I have a dataframe as below
我有如下的数据aframe
df = pd.DataFrame({'a':[1,1,1,2,2,2],
'b': [10, 20, 30, 20, 40, 60],
'c': [80, 80, 80, 120, 120, 120]})
I want to get 3D array
我想要得到3D数组
array([[[ 1, 10, 80],
[ 2, 20, 120] ],
[[ 1, 20, 80] ,
[ 2, 40, 120] ],
[[ 1, 30, 80],
[ 2, 60, 120]]], dtype=int64)
I do like this
我非常喜欢这
values = df.values
values.reshape(3, 2, 3)
and get an incorrect array. How to get the expected array?
得到一个错误的数组。如何获得预期的数组?
2 个解决方案
#1
3
Get the array data, then reshape splitting the first axis into two with the first of them being of length 2
giving us a 3D
array and then swap those two axes -
获取数组数据,然后将第一个轴分解为两个,第一个轴长度为2,得到一个3D数组,然后交换这两个轴-
df.values.reshape(2,-1,df.shape[1]).swapaxes(0,1)
Sample run -
样本运行-
In [711]: df
Out[711]:
a b c
0 1 10 80
1 1 20 80
2 1 30 80
3 2 20 120
4 2 40 120
5 2 60 120
In [713]: df.values.reshape(2,-1,df.shape[1]).swapaxes(0,1)
Out[713]:
array([[[ 1, 10, 80],
[ 2, 20, 120]],
[[ 1, 20, 80],
[ 2, 40, 120]],
[[ 1, 30, 80],
[ 2, 60, 120]]])
This gives us a view into the original data without making a copy and as such has a minimal constant time.

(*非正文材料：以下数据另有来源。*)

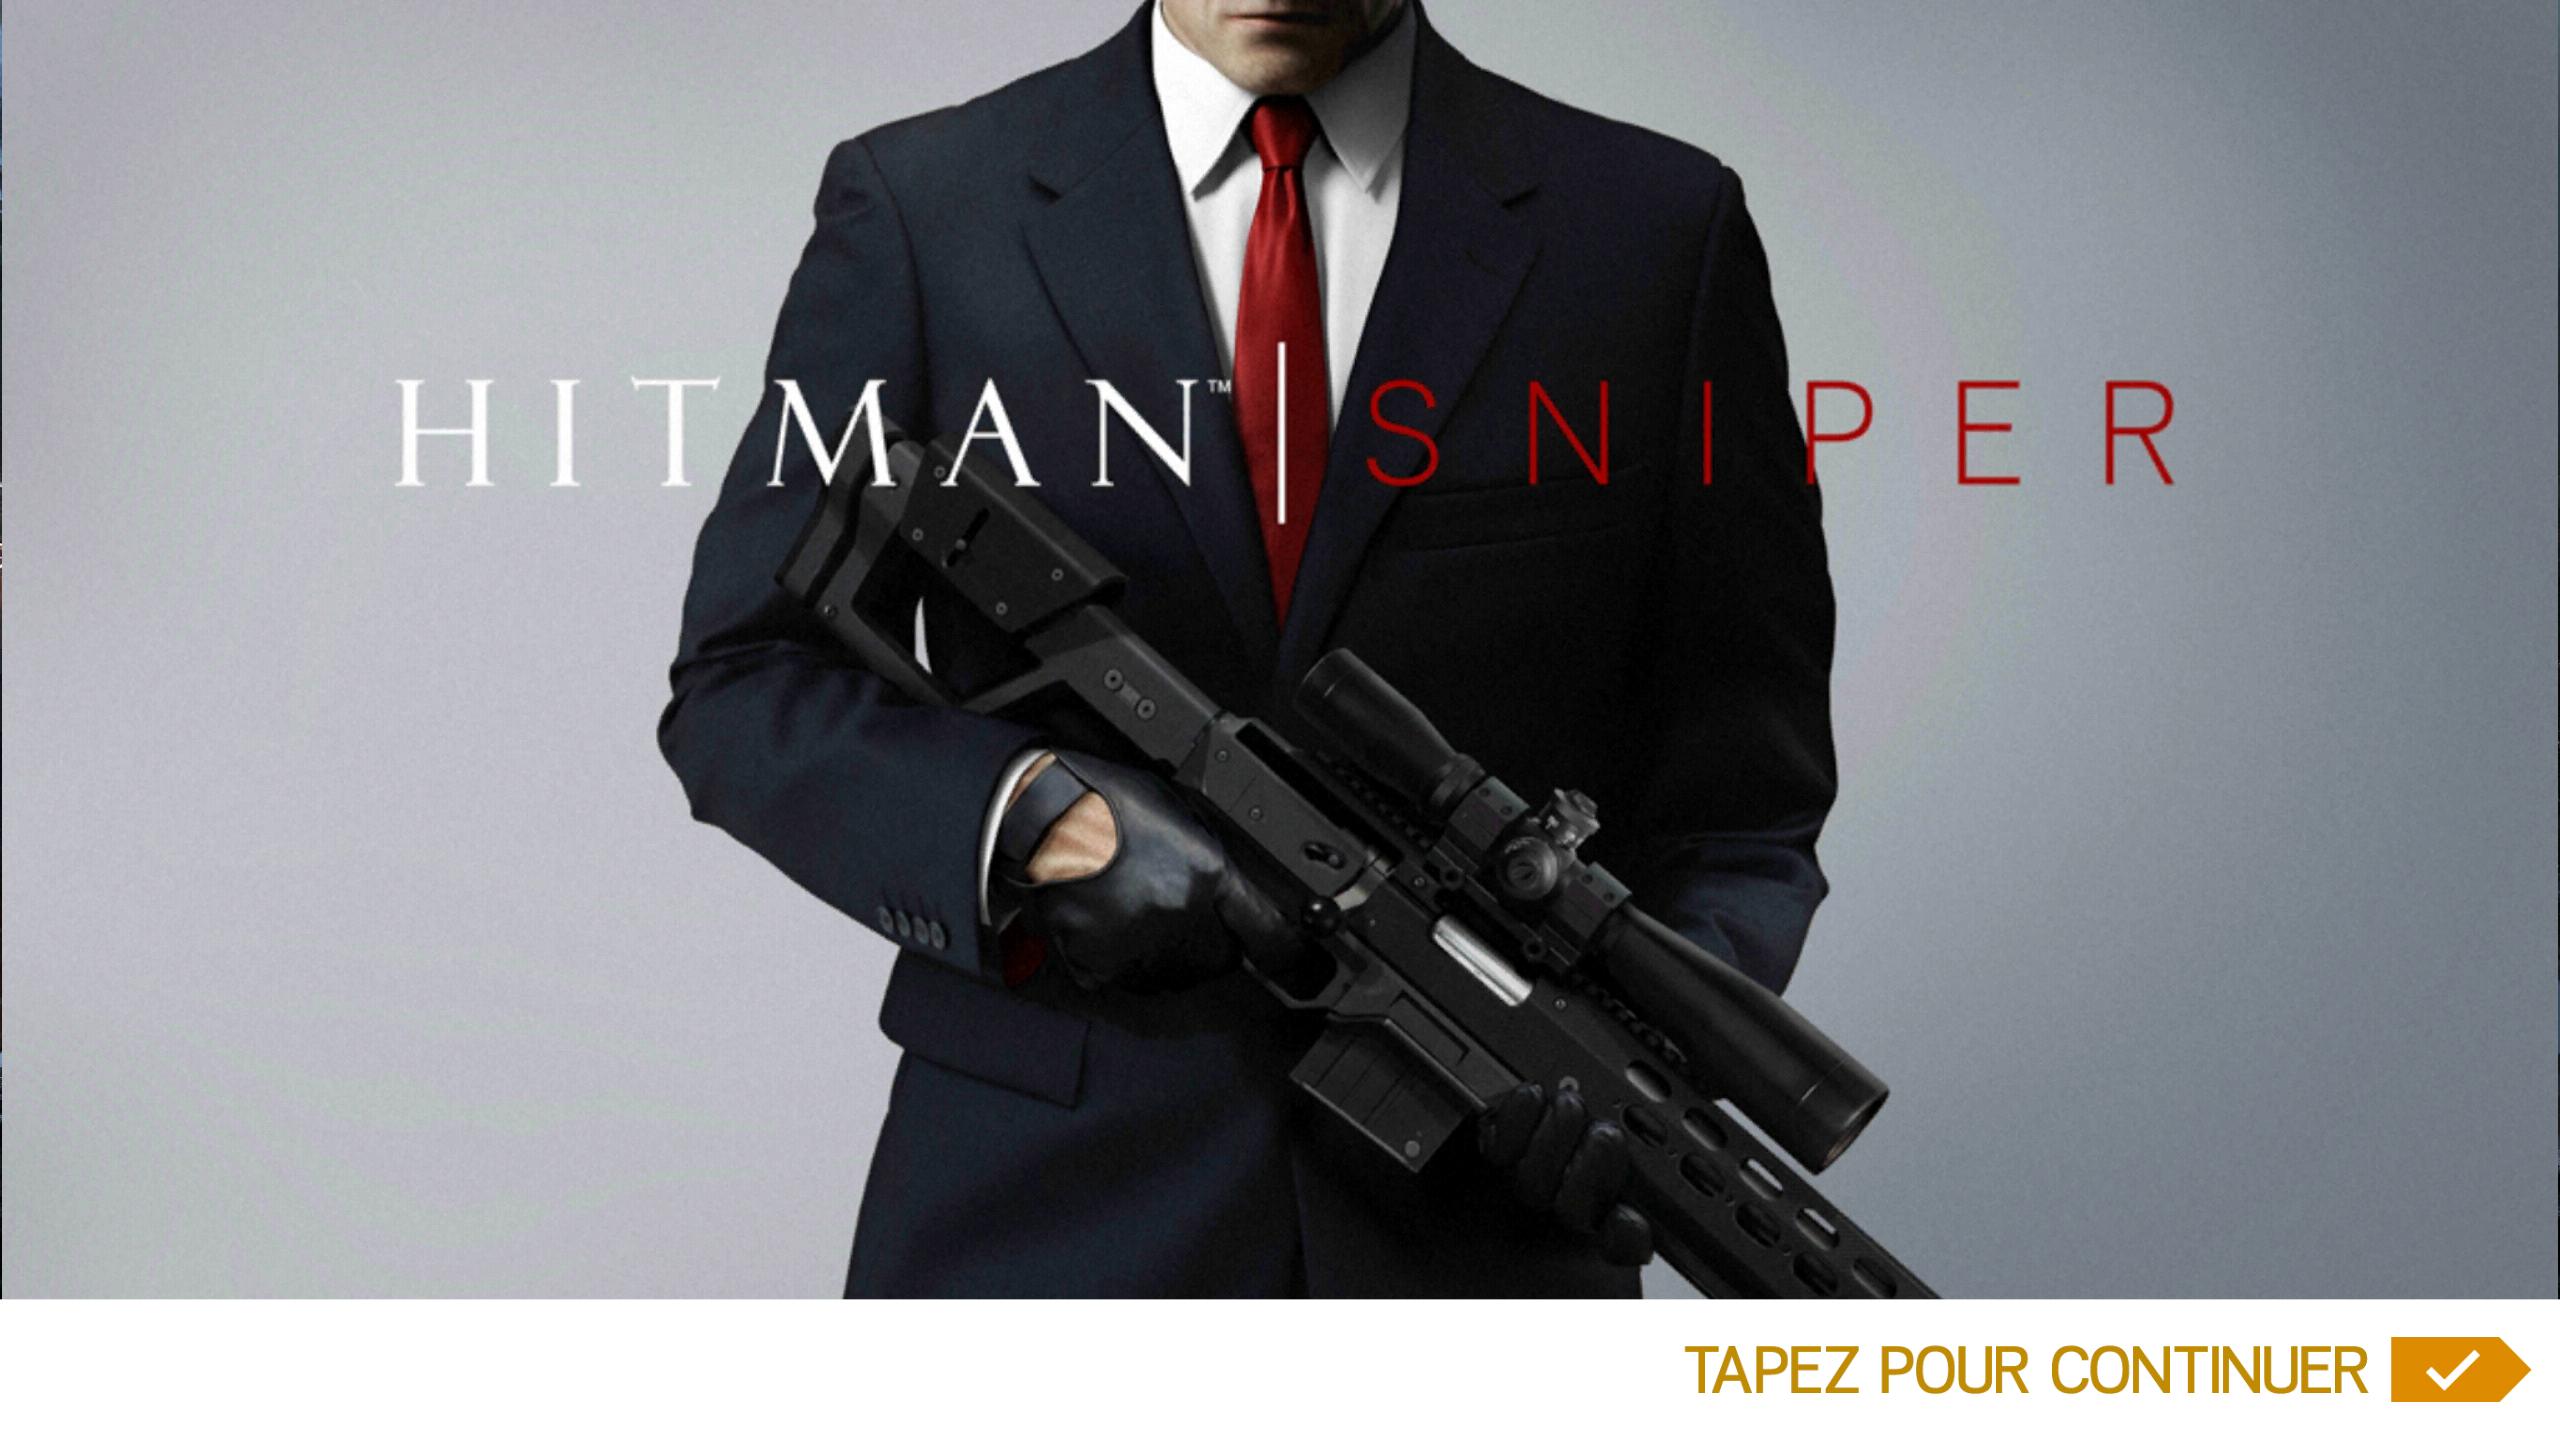 Hitman Sniper-1

这使我们不用复制就能看到原始数据,因此具有最小的常数时间。
Runtime test
运行时测试
Case #1 :
例# 1:
In [730]: df = pd.DataFrame(np.random.randint(0,9,(2000,100)))
# @cᴏʟᴅsᴘᴇᴇᴅ's soln
In [731]: %timeit np.stack(np.split(df.values, 2), axis=1)
10000 loops, best of 3: 109 µs per loop
In [732]: %timeit df.values.reshape(2,-1,df.shape[1]).swapaxes(0,1)
100000 loops, best of 3: 8.55 µs per loop
Case #2 :
例# 2:
In [733]: df = pd.DataFrame(np.random.randint(0,9,(2000,2000)))
# @cᴏʟᴅsᴘᴇᴇᴅ's soln
In [734]: %timeit np.stack(np.split(df.values, 2), axis=1)
100 loops, best of 3: 4.3 ms per loop
In [735]: %timeit df.values.reshape(2,-1,df.shape[1]).swapaxes(0,1)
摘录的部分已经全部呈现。